In general, precision is the maximum number of digits displayed. The manipulator fixed will set up the output stream for displaying values in fixed format. In fixed the precision is the number of digits after the decimal point. The setprecision allows setting the precision used for displaying floating-point values, it takes an integer argument.
cout << fixed;
cout << setprecision(3) << f << endl;
You may unset fixed using cout.unsetf(ios::fixed)
I am calculating square root of 2147483647 by sqrt function.and the result must be a float value 46340.95 but my code returns the value 46341.
Can anyone tell me where is the problem?
i am using code :
double x=2147483647.0;
double y=sqrt(x);
cout<< y;
I get that same result. But, if I inject a setprecision, I get the right value:
#include <iostream>
#include <iomanip>
#include <cmath>
int main (void) {
double x=2147483647.0;
double y=sqrt(x);
std::cout << std::setprecision(10) << y << std::endl;
return 0;
}
gives me:
46340.95
In fact, if you use the folowing code:
#include <iostream>
#include <iomanip>
#include <cmath>
int main (void) {
double x=2147483647.0;
double y=sqrt(x);
std::cout << y << std::endl;
std::cout << std::setprecision(0) << std::fixed << y << std::endl;
std::cout << std::setprecision(1) << std::fixed << y << std::endl;
std::cout << std::setprecision(2) << std::fixed << y << std::endl;
std::cout << std::setprecision(3) << std::fixed << y << std::endl;
return 0;
}
you get:
46341
46341
46341.0
46340.95
46340.950
So it appears that the default setting (at least for my environment) is a precision of zero.

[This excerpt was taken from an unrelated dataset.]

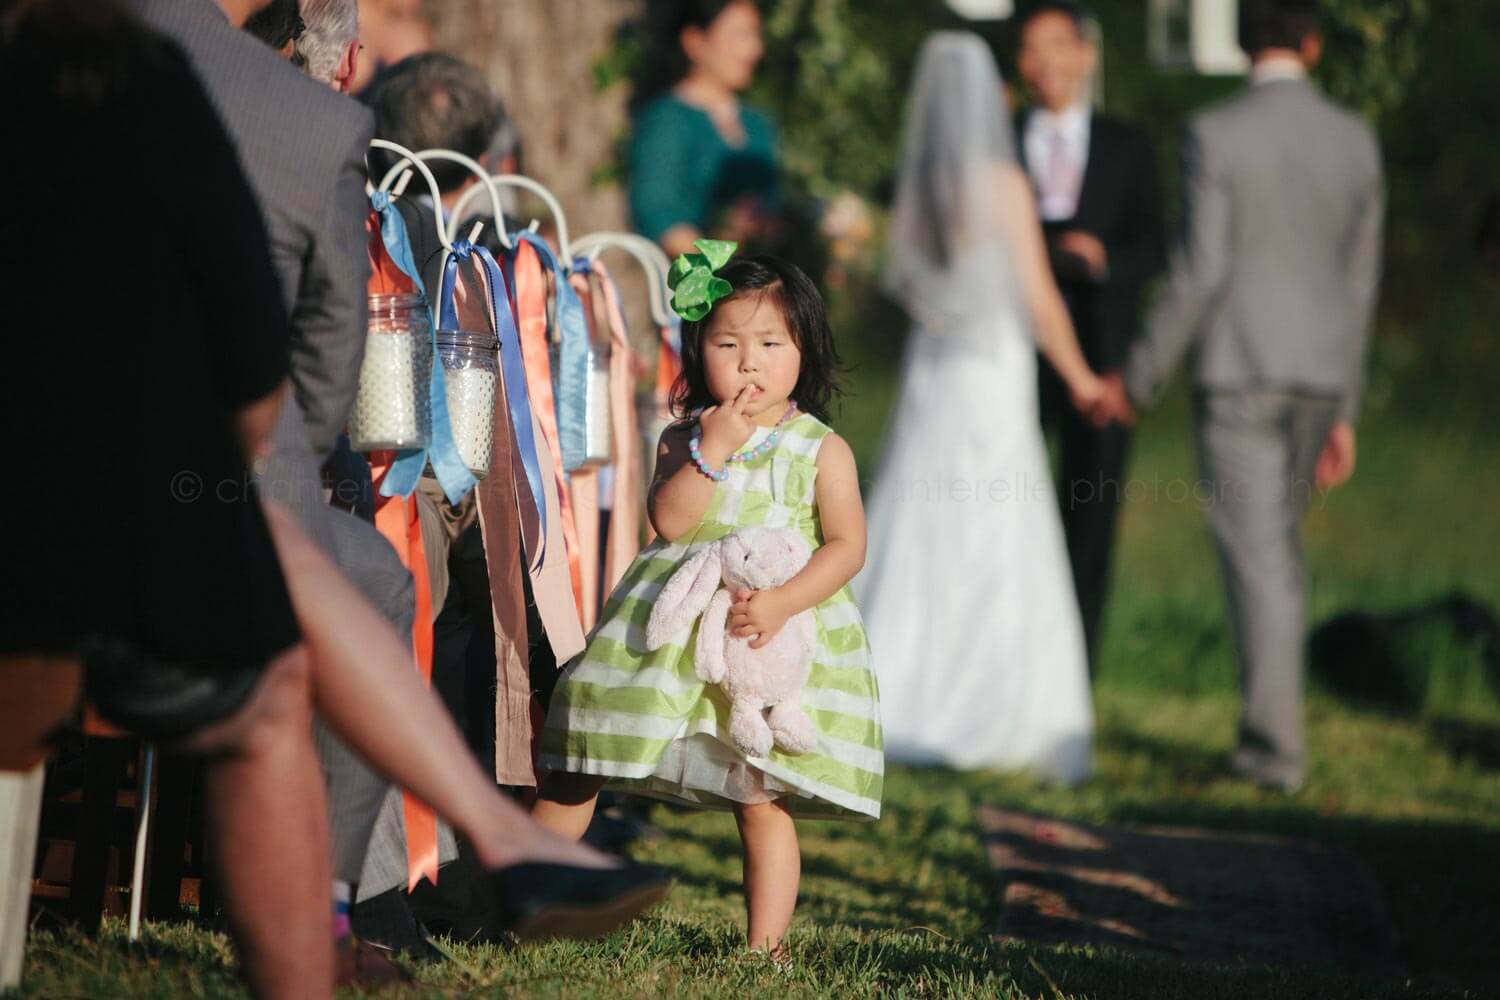 child wedding guest stands in aisle and flips bird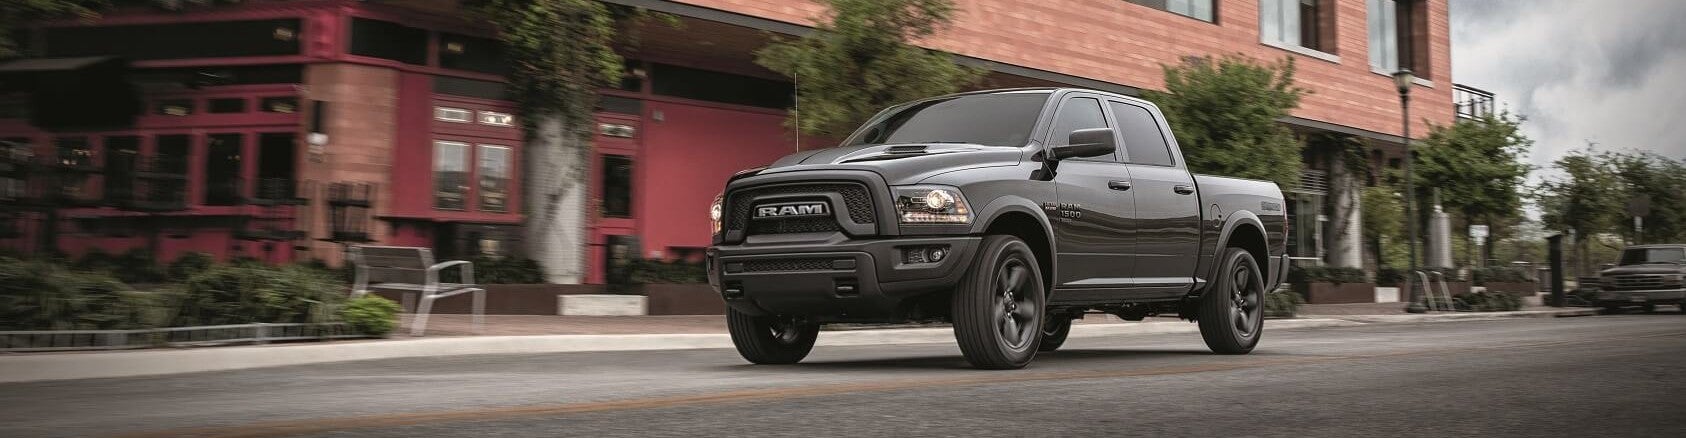 Ram 1500 Lease Deals near Indianapolis IN

If you want a specific format, I suggest you explicitly request it.
The default precision for cout is not sufficient to show the fractional part of your result. Your result is 46340.95, which rounded to six digits of precision is 43641.0, and is displayed as 43641 by cout. To show more precision, set the precision of cout first:
double x=2147483647.0;
double y=sqrt(x);
cout.precision(9);
cout<< y;
On my system this shows a result of 46340.95.
This trivial code yields 46340.9:
#include <cmath>
#include <iostream>
int main()
{
float x = std::sqrt(2147483647);
std::cout << x << std::endl;
return 0;
}
What does your code look like?
(Just for the record: tested using GCC (g++) 4.5.2 on MacOS X 10.6.6.)